Agents introduce a different category of risk entirely.

Agentic AI systems do not just generate text. They retrieve information. They invoke APIs. They process refunds. They access databases. They perform tasks on behalf of users with real-world consequences. A vulnerability that causes a chatbot to say something wrong is a communications problem. A vulnerability in an agent that executes business processes is an operational one.

The shift extends beyond testing AI systems themselves. Cisco’s Gillis argues that increasingly capable AI models are accelerating the pace of change across enterprise environments, making static security approaches obsolete. “This idea of hardening your infrastructure and then hoping it never changes for 18 months, that is over, permanently dead, gone in this post-Mythos environment,” he tells CSO.

The implication is that security testing can no longer be a periodic exercise. As AI systems become more autonomous, organizations must continuously evaluate how those systems behave in production environments. “We need to test the behavior to make sure agents are doing the right things,” Swanson says.

Microsoft’s Bryan believes agentic systems are forcing a convergence between traditional cybersecurity red teams and AI red teams that will define the field’s next phase. At Microsoft, the two teams remain separate organizations — but they work increasingly closely together, because the systems they now test combine conventional software risks with AI-specific safety concerns in ways that neither team can address alone.

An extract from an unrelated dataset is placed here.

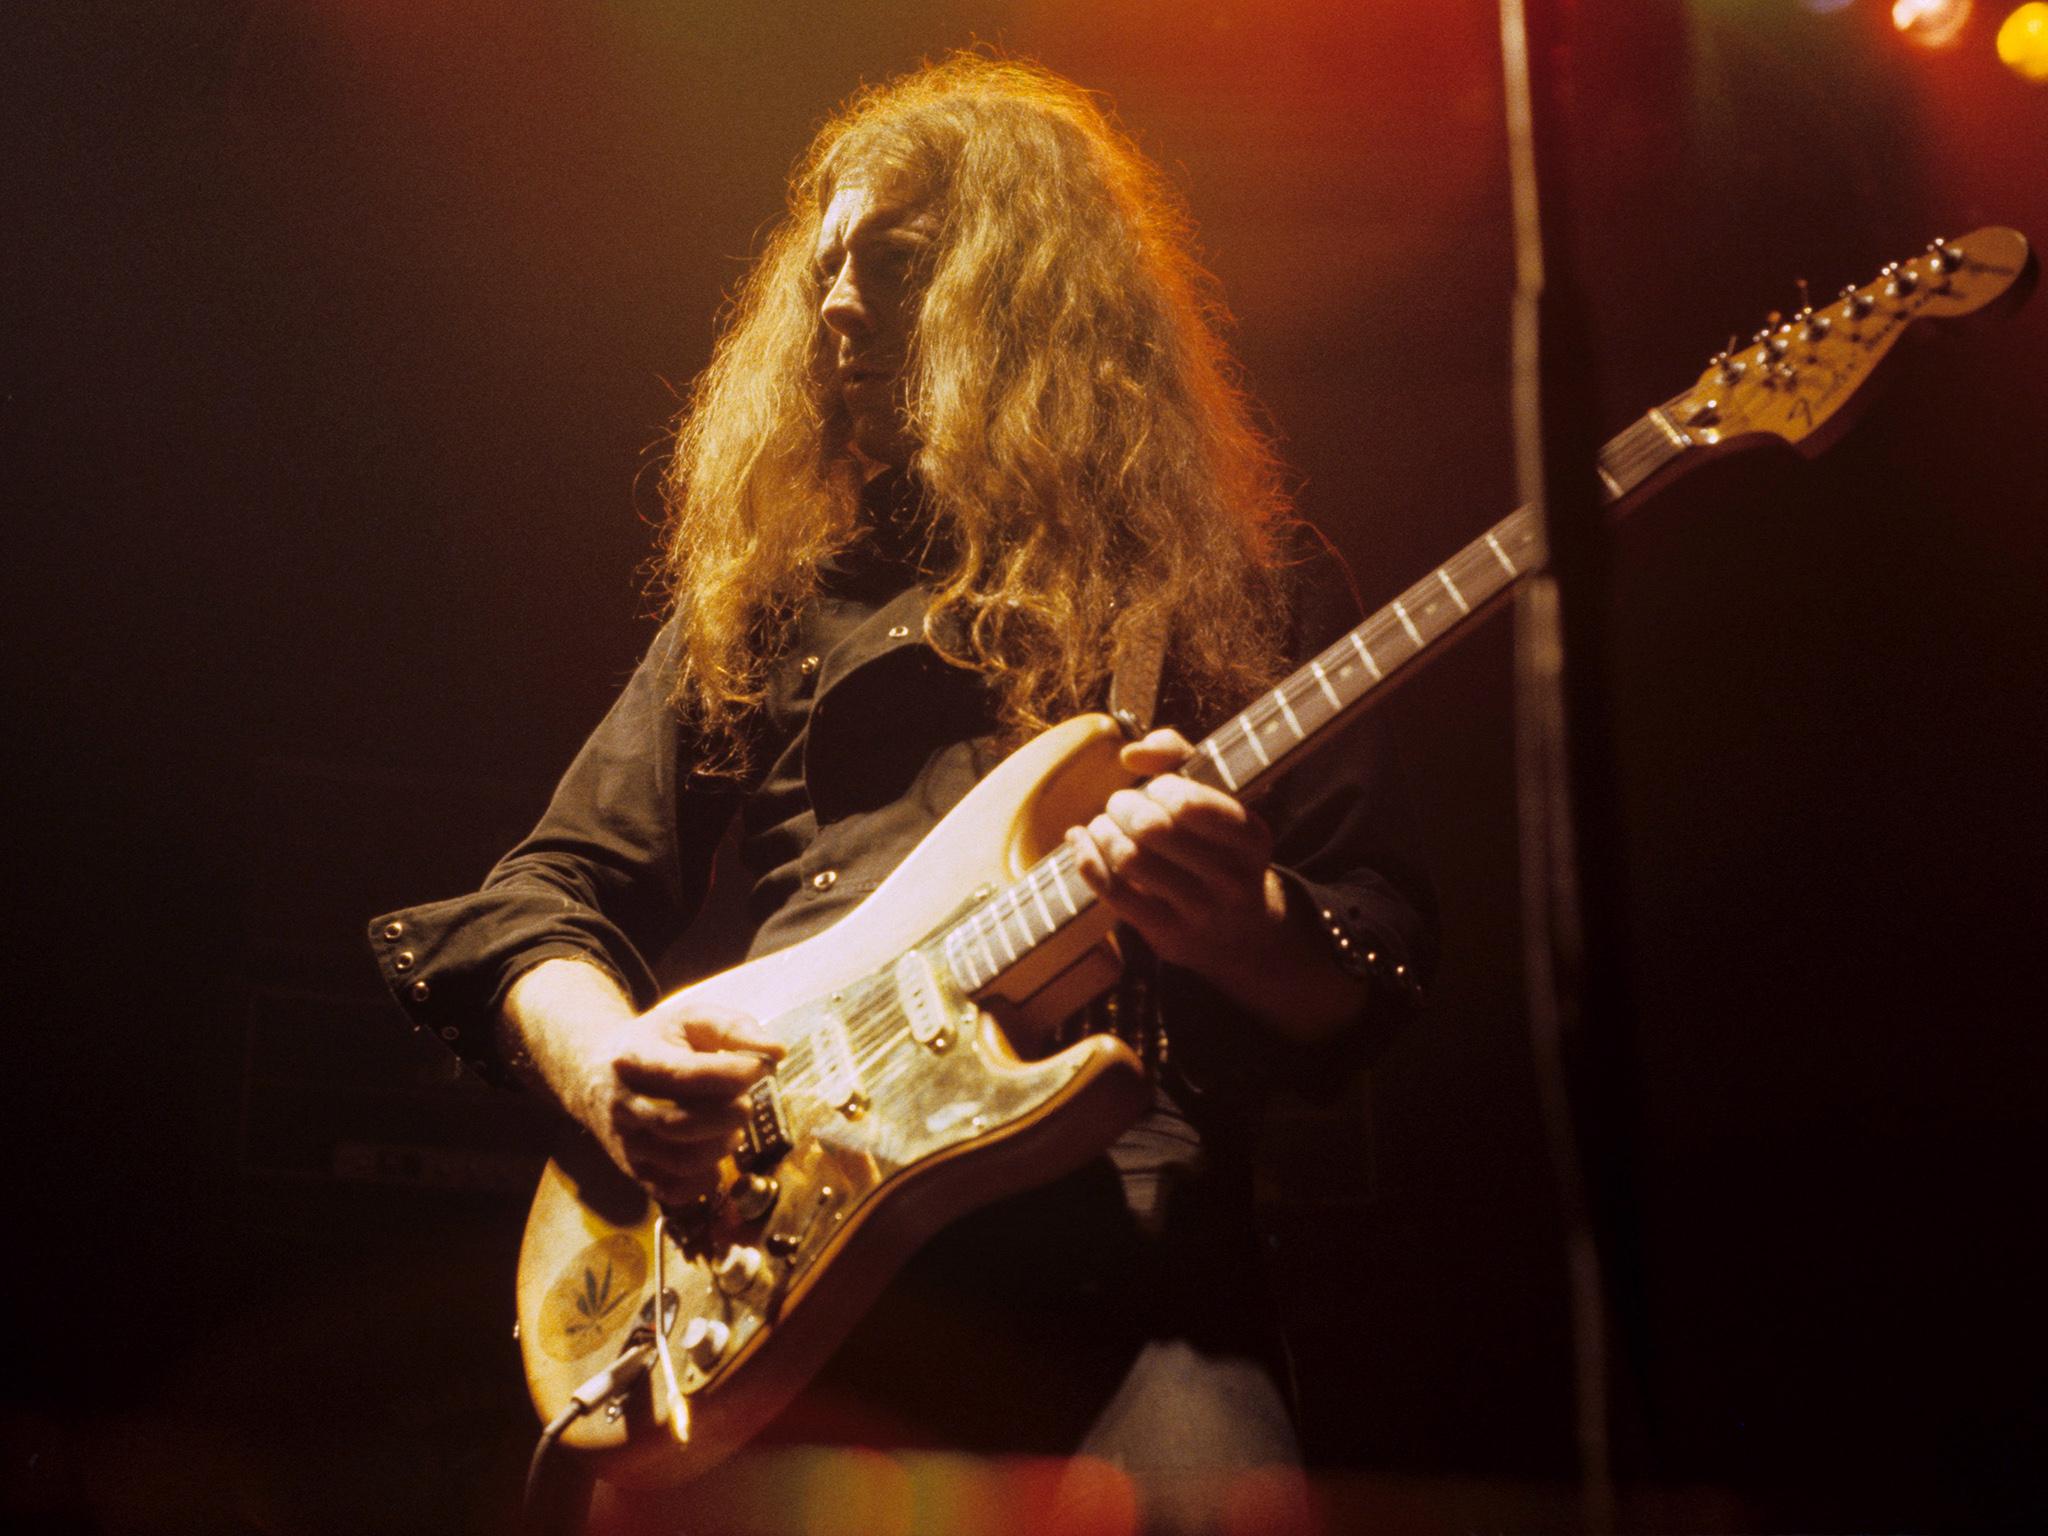 Clarke played on Motorhead’s self-titled 1977 debut album and also played on 1979’s ‘Overkill’ and ‘Bomber’, 1980’s ‘Ace Of Spades’ and 1982’s ‘Iron Fist’

“Agentic AI is really the intersection of all of the cybersecurity risks that come with traditional software systems along with all of the AI security and safety risks,” he says.

AI is a team sport, too

Bryan points to Microsoft’s decision to open-source AI safety testing tools as a recognition that AI risk is not a problem model providers can solve on behalf of their customers. Enterprises deploying AI need their own testing capabilities. Not every organization will maintain a specialized AI red team — but every organization deploying AI needs to understand its risks.

“Like cybersecurity, which has always kind of been a team sport, AI safety and security is really a community-driven piece,” Bryan says. “Everyone has their role and responsibility.”

Bryan also sees the long-term trajectory of the field bending toward a different kind of convergence. “I think there will just become a point where having the AI for red teaming almost kind of becomes redundant, and that just is the red teaming,” he says. “Everyone is using AI to improve their work regardless of the area.”

What will remain distinct is the challenge of testing AI systems themselves — probabilistic systems that expand in scope with each new capability and that can cause harm without anyone intending them to.

Five years ago, AI red teaming was a niche specialty practiced by a handful of researchers. Today, it encompasses cybersecurity, safety, misinformation, autonomy, and governance. Tomorrow it will look different again — shaped by whatever the next generation of AI systems turns out to be capable of.